There is life and there is death. We live, and
yet we die. Why is life in this world this way?
In the beginning, the amazingly good and wise
and powerful Creator made a magnificent, perfect
creation. He created a particularly beautiful
planet and filled it with an amazing variety of
beautiful things, including an abundant variety
of plants and animals living together in a complex
and harmonious ecosystem. He made a special garden
and placed in it the highest of the new creation
- the first man and the first woman - made in
the image of God, endowed with mind, emotion and
will. But sin and rebellion entered the creation,
and everything was marred. The physical order
itself was marred. It was cursed. It no longer
functioned flawlessly. Mankind became corrupted.
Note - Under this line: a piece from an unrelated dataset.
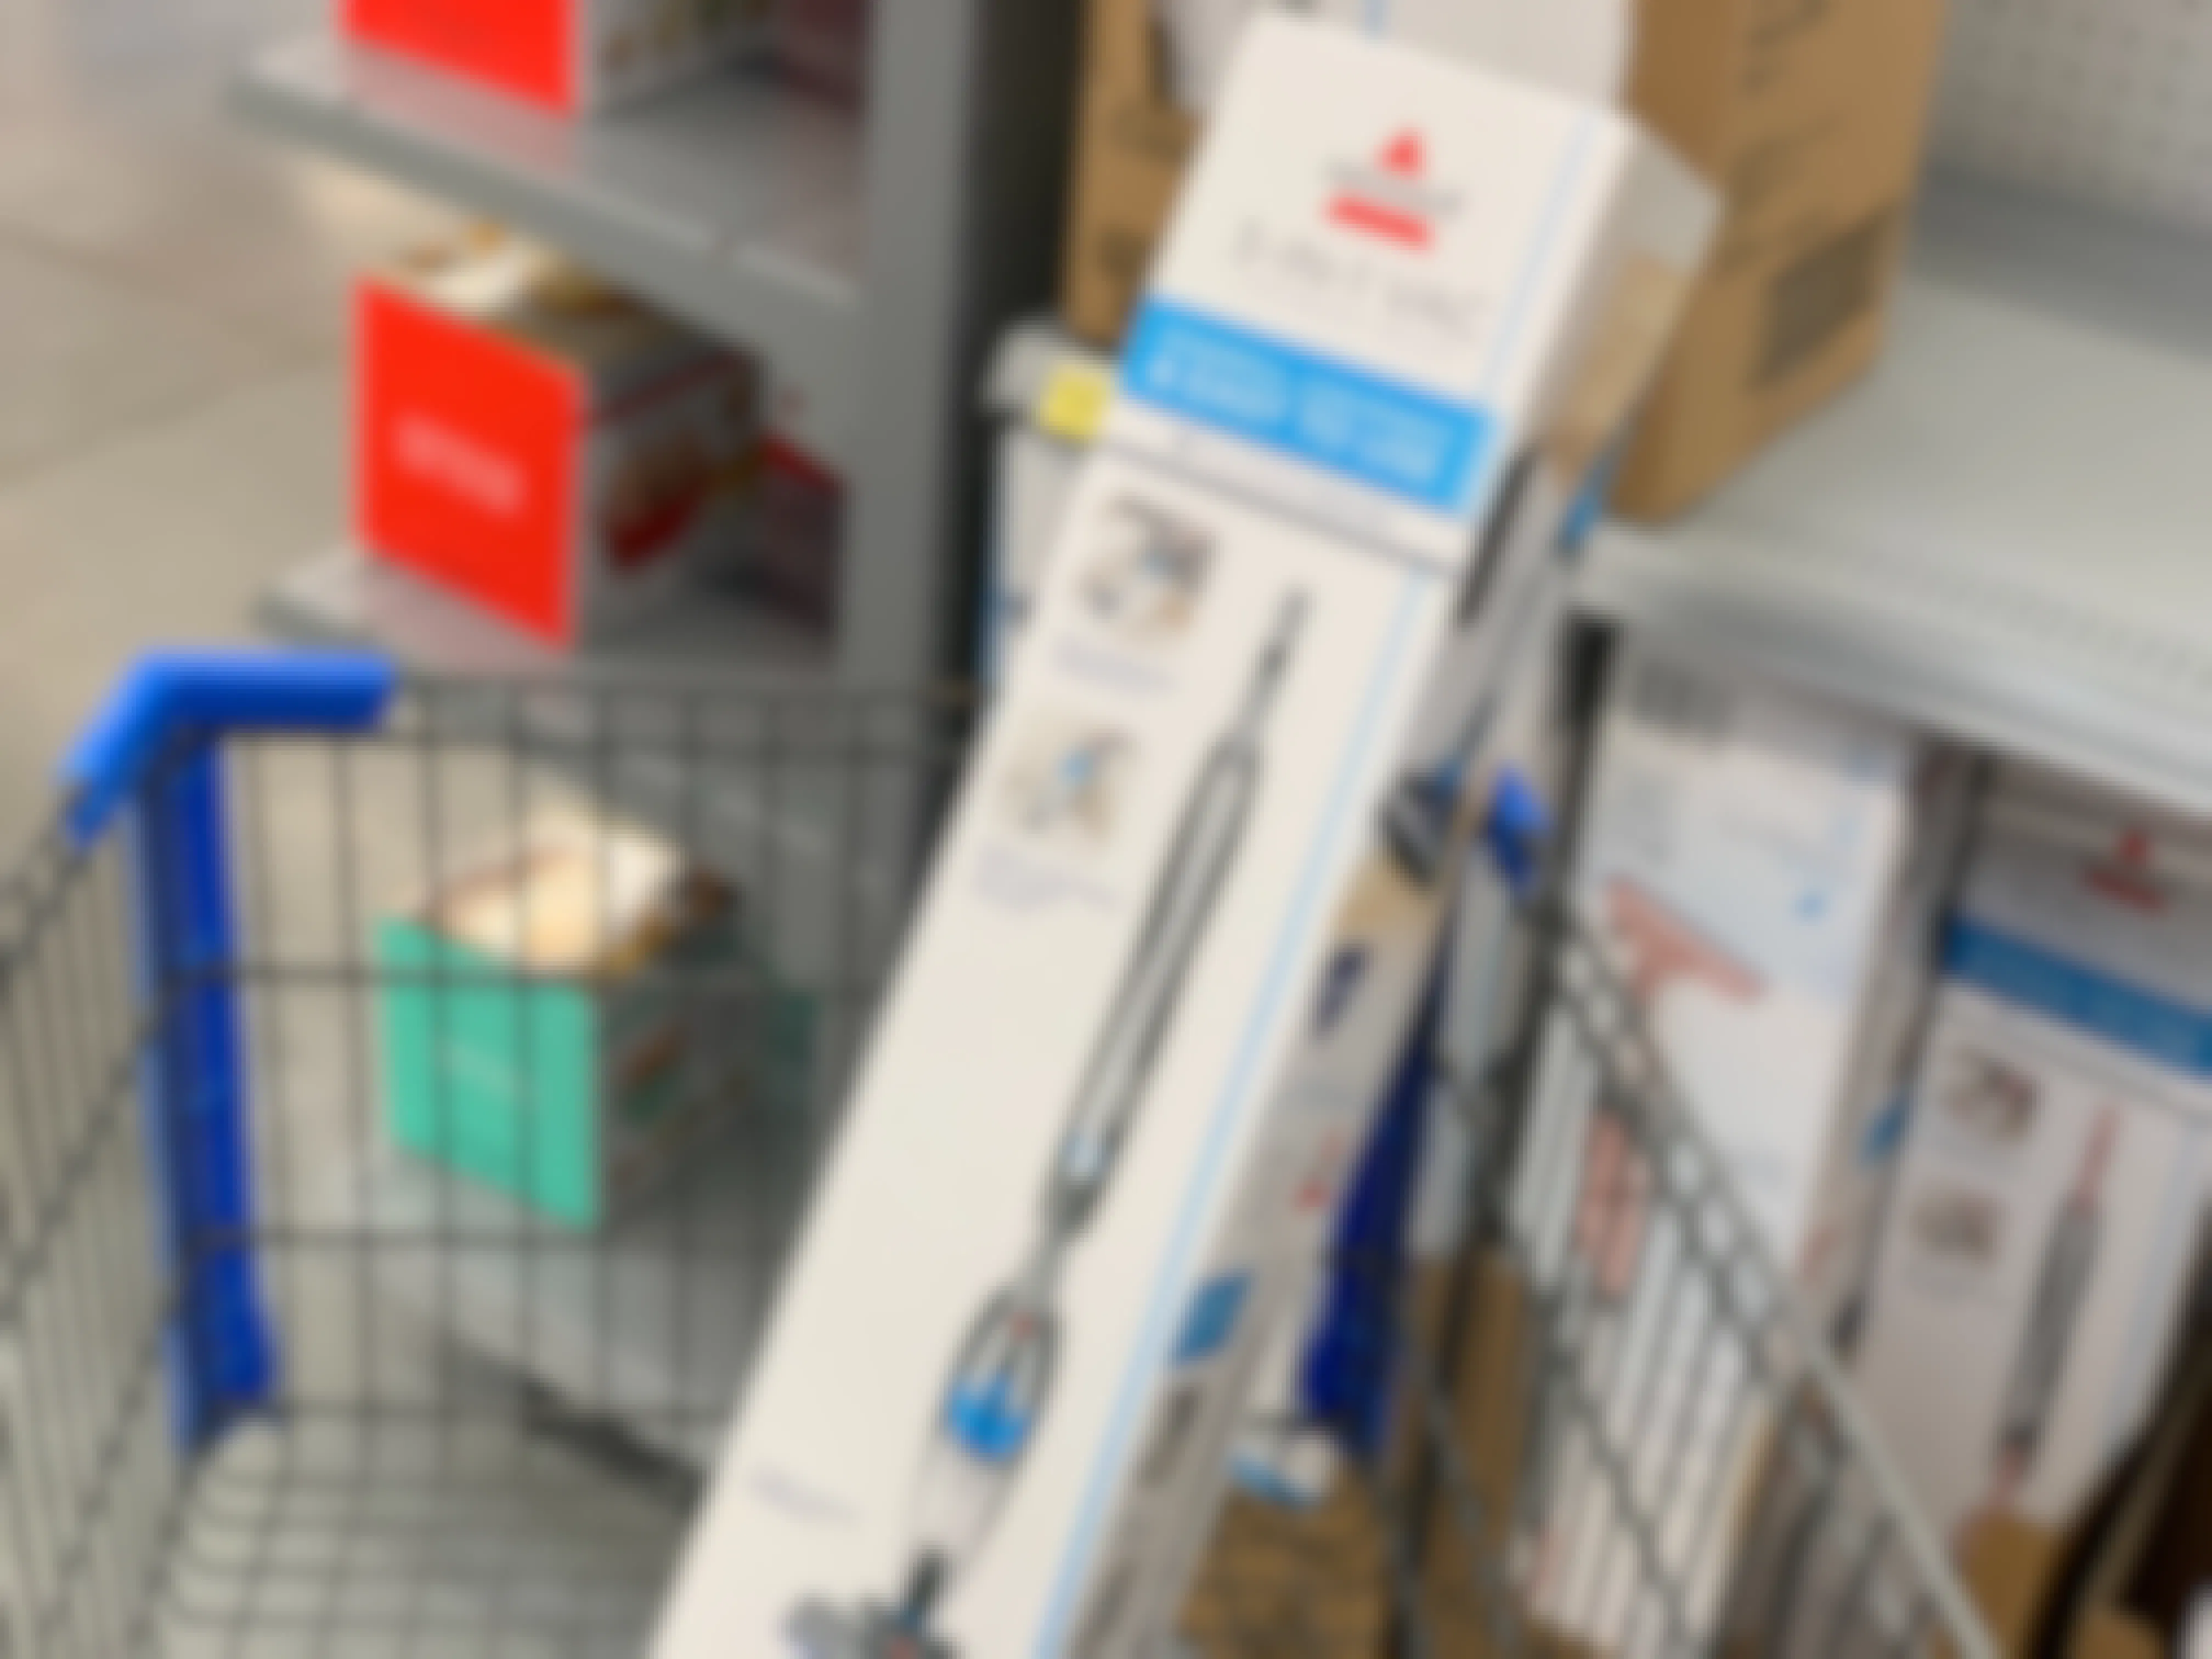 A Bissell 3-in-1 Vacuum in a Walmart shopping cart.

We became marred in every aspect of our being
- our mind, emotion, will, sexuality, body, soul,
spirit. Humanity was alienated from God, who is
the Source of Life and Happiness. Human beings
are headed toward death, not life. The first death
- physical death - is followed by the even worse
death - the second death - which is Gehenna, Hell,
the Lake of Fire.
But
God did not leave corrupted humanity in this sad
and hopeless condition. He provided temporary
ways to cover over our sin and rebellion until
the final redemption, the final atonement, the
fullness of salvation could be accomplished through
the Seed of the Woman, the Messiah, the unique
God-Man, fully God and fully man, the perfect,
flawless divine Son of God and the Savior of the
world! Only Messiah Yeshua - He alone and no one
else and nothing else - is capable of overcoming
our greatest enemies, the utterly destructive
forces of Satan, sin and death. Money and possessions
and politics and education and science and technology
and philosophy and religion and being a good person
can't prevail over these deadly powers.
To
help humanity overcome these overmastering forces
of Satan, sin and death, the Lord created a special
people who helped prepare the world for the Messiah,
who would come at just the right time. To prepare
the Jewish people for the coming of the Messiah,
and to strengthen us in our faith when He came,
the Lord gave us laws and rituals, institutions
like the Temple, sacrifices and special holidays.
There are seven Torah holidays that take place
during the year - four in the spring and three
in the fall. The four in the spring are connected
with the First Coming of the Messiah, who came
the first time in humility, making salvation from
Satan, sin and death possible. The three in the
fall are connected to the Second Coming of the
Messiah, foreshadowing His return with power and
culminating in the final salvation of humanity.
The holidays are connected to Messianic salvation.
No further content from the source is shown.